インターネットの第一創世記を支えたYahoo!の創設者の1人であり、CEOだったジェリー・ヤン氏がCEOを退任した。創設者と言えども、取締役会の決定に従うのがルール。個人的な思い入れはないのだが、インターネットの創世記を支えた人が追いやられる感じがして、ちょっと悲しい。

さて、Forbesという雑誌のオンライン版に、そのYahooの5つの失策という記事が掲載されていた。

だいたいこうした記事は後付で誤算だった事柄を挙げていくので、その時々の経営判断とその環境を見ないと失策とは言い切れないとは思う。だが、何か失敗には学べないか?という感じがつきまとう。

1. Aborted Projects Yahoo! is rife with projects that have been started, with great fanfare, only to die quietly months, sometimes years, later. Rank and file employees don't deny it: "They wasted a lot of money on projects that have been scrapped," one engineer said of the company's management.

1. 中止になっているプロジェクト
Yahoo!はかなりのファンファーレを鳴らして始められ、その月、時々は数年して静かに死んだプロジェクトの数がおびただしい。一般従業員もそれを否定せず、 「彼らは中断されたプロジェクトに沢山のお
金を浪費した」と、1人の技術者が会社の経営について言いました。

2. Missing the Google Express
Yahoo! had the chance to buy Google in 2002. Then-Chief Executive Terry Semel reportedly balked at the $5 billion price after months of negotiation.

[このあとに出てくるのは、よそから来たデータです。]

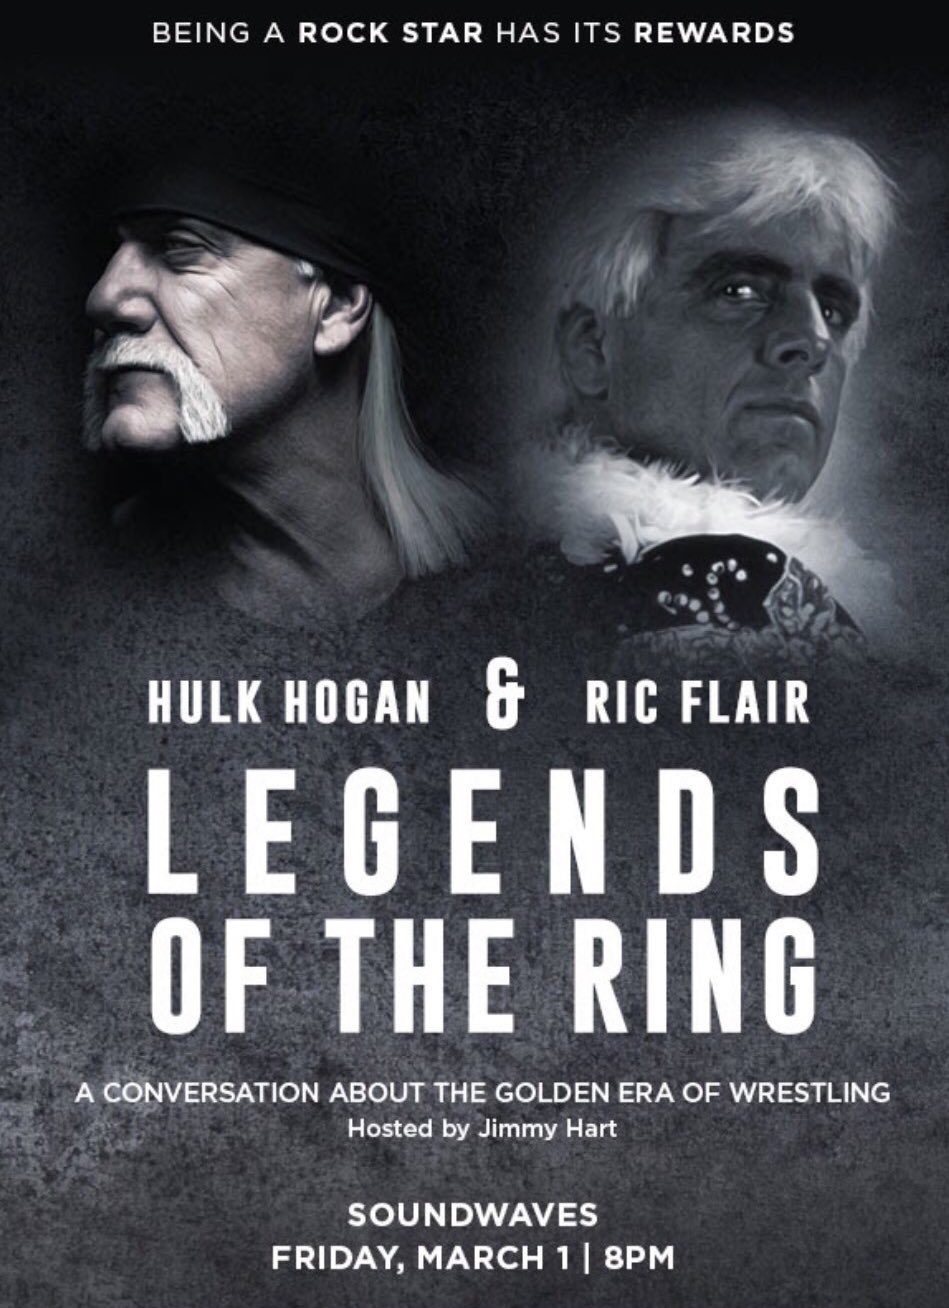 Happy 70th Birthday to Ric Flair! 

I hope to finally get the opportunity to meet you next week!

In retrospect, that was clearly a mistake.

2. Google急行に乗り遅れました
Yahoo!には、2002年にGoogleを買う機会がありました。 伝えられるところによれば、次に、CEOだったTerry Semelは何カ月もの交渉の後に(googleが)50億ドルの価格となった事に躊躇しました。 結果として、それは明確に誤りでした。

3. Hiring Terry Semel
Another commonly cited mistake: hiring former Warner Bros. studio honcho Terry Semel as chief executive. Yahoo! stumbled in the wake of the tech bust early in the decade. It brought in Semel to turn things around. In retrospect, however, Semel was just riding a powerful rebound that other managers, such as the boys at Google, were playing far more skillfully.
Semel declined to buy Google; at the same time, he funded a push into media that has largely foundered.

3. Terry Semelを雇った事
他に一般的に引用される誤りとして、最高経営責任者として前のワーナーブラザーススタジオ指導者Terry Semelを雇ったことが挙げられます。Yahoo!は10年間ぐらい、科学技術でつまずきました。
Semelは、Googleを買うのを断りました。 同時に、彼はメディアへ膨大な資金を提供しました。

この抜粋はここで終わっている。